We are interested to build a system that takes in scientific ML abstracts and extracts model names when available.

The input: full paper abstract

The output: model name tags

We could also potentially use an NER tool to extract the same information. But we can also use LLMs to extract such information using some clever prompt engineering. 

## Demonstration Set

We will use arXiv to collect a few articles for our demonstrations.

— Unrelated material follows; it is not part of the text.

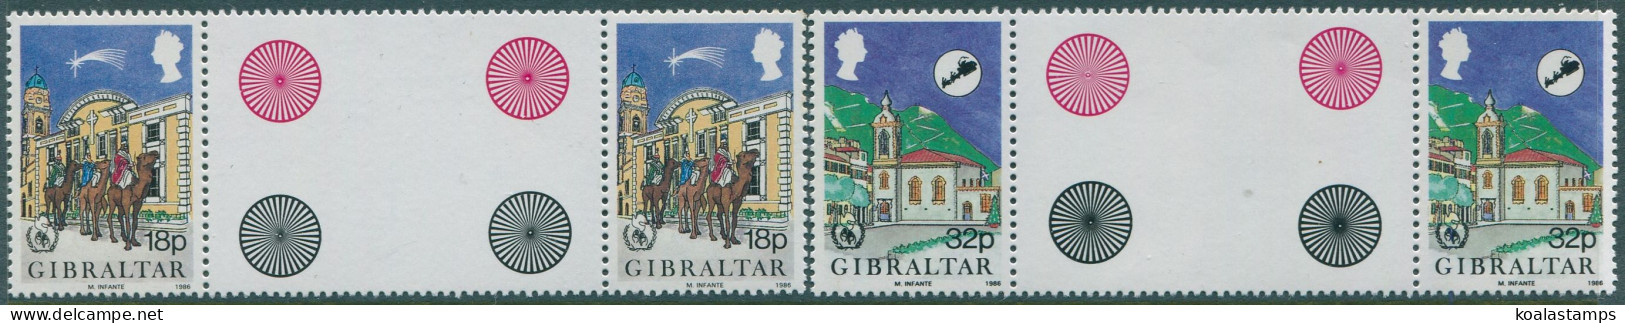 Gibraltar 1986 SG546-547 Christmas Gutter Pairs Set MNH - Gibilterra

Specifically, we will focus on the Computation and Language section and Computer Vision section: https://arxiv.org/list/cs.CL/recent

In [74]:
import json
import pandas as pd

# load json data at path: data/article-tags.json into a dataframe
with open('data/article-tags.json') as f:
    val_data = json.load(f)

with open('data/few_shot.json') as f:
    few_shot_data = json.load(f)


In [75]:
few_shot_data

[{'abstract': 'Neural Radiance Fields (NeRFs) are a very recent and very popular approach for the problems of novel view synthesis and 3D reconstruction. A popular scene representation used by NeRFs is to combine a uniform, voxel-based subdivision of the scene with an MLP. Based on the observation that a (sparse) point cloud of the scene is often available, this paper proposes to use an adaptive representation based on tetrahedra and a Delaunay representation instead of the uniform subdivision or point-based representations. We show that such a representation enables efficient training and leads to state-of-the-art results. Our approach elegantly combines concepts from 3D geometry processing, triangle-based rendering, and modern neural radiance fields. Compared to voxel-based representations, ours provides more detail around parts of the scene likely to be close to the surface. Compared to point-based representations, our approach achieves better performance.',
  'tags': ['NeRFs', 'MLP

We have the inputs we need for our prompts. Depending on your task, you might want to create several prompt templates/candidates from this. Let's to this with LangChain.

In [30]:
from langchain.prompts.few_shot import FewShotPromptTemplate
from langchain.prompts.prompt import PromptTemplate

In [98]:
# create a custom selector for the few shot data
from langchain.prompts.example_selector.base import BaseExampleSelector
from typing import Dict, List
import numpy as np

class CustomExampleSelector(BaseExampleSelector):
    
    def __init__(self, examples: List[Dict[str, str]]):
        self.examples = examples
    
    def add_example(self, example: Dict[str, str]) -> None:
        """Add new example to store for a key."""
        self.examples.append(example)

    def select_examples(self, size) -> List[dict]:
        """Select which examples to use based on the inputs."""
        return np.random.choice(self.examples, size=size, replace=False)

In [99]:
example_selector = CustomExampleSelector(few_shot_data)

In [102]:
list(example_selector.select_examples(5))

[{'abstract': "Children's drawings have a wonderful inventiveness, creativity, and variety to them. We present a system that automatically animates children's drawings of the human figure, is robust to the variance inherent in these depictions, and is simple and straightforward enough for anyone to use. We demonstrate the value and broad appeal of our approach by building and releasing the Animated Drawings Demo, a freely available public website that has been used by millions of people around the world. We present a set of experiments exploring the amount of training data needed for fine-tuning, as well as a perceptual study demonstrating the appeal of a novel twisted perspective retargeting technique. Finally, we introduce the Amateur Drawings Dataset, a first-of-its-kind annotated dataset, collected via the public demo, containing over 178,000 amateur drawings and corresponding user-accepted character bounding boxes, segmentation masks, and joint location annotations.",
  'tags': ['

In [109]:
template = """
Abstract: {abstract}
Tags: {tags}
"""

prompt = PromptTemplate(
    input_variables=["abstract", "tags"],
    template=template
)

few_shot_prompt = FewShotPromptTemplate(
    examples = list(example_selector.select_examples(3)),
    example_prompt=prompt,
    prefix = "Your task is to extract model names from machine learning paper abstracts. Your response is an an array of the model names in the format [\"model_name\"]. If you don't find model names in the abstract or you are not sure, return [\"NA\"]",
    suffix = "Abstract: {input}\nTags:",
    input_variables=["input"],
    example_separator="\n\n" 
)

In [110]:
print_markdown(few_shot_prompt.format(input="test"))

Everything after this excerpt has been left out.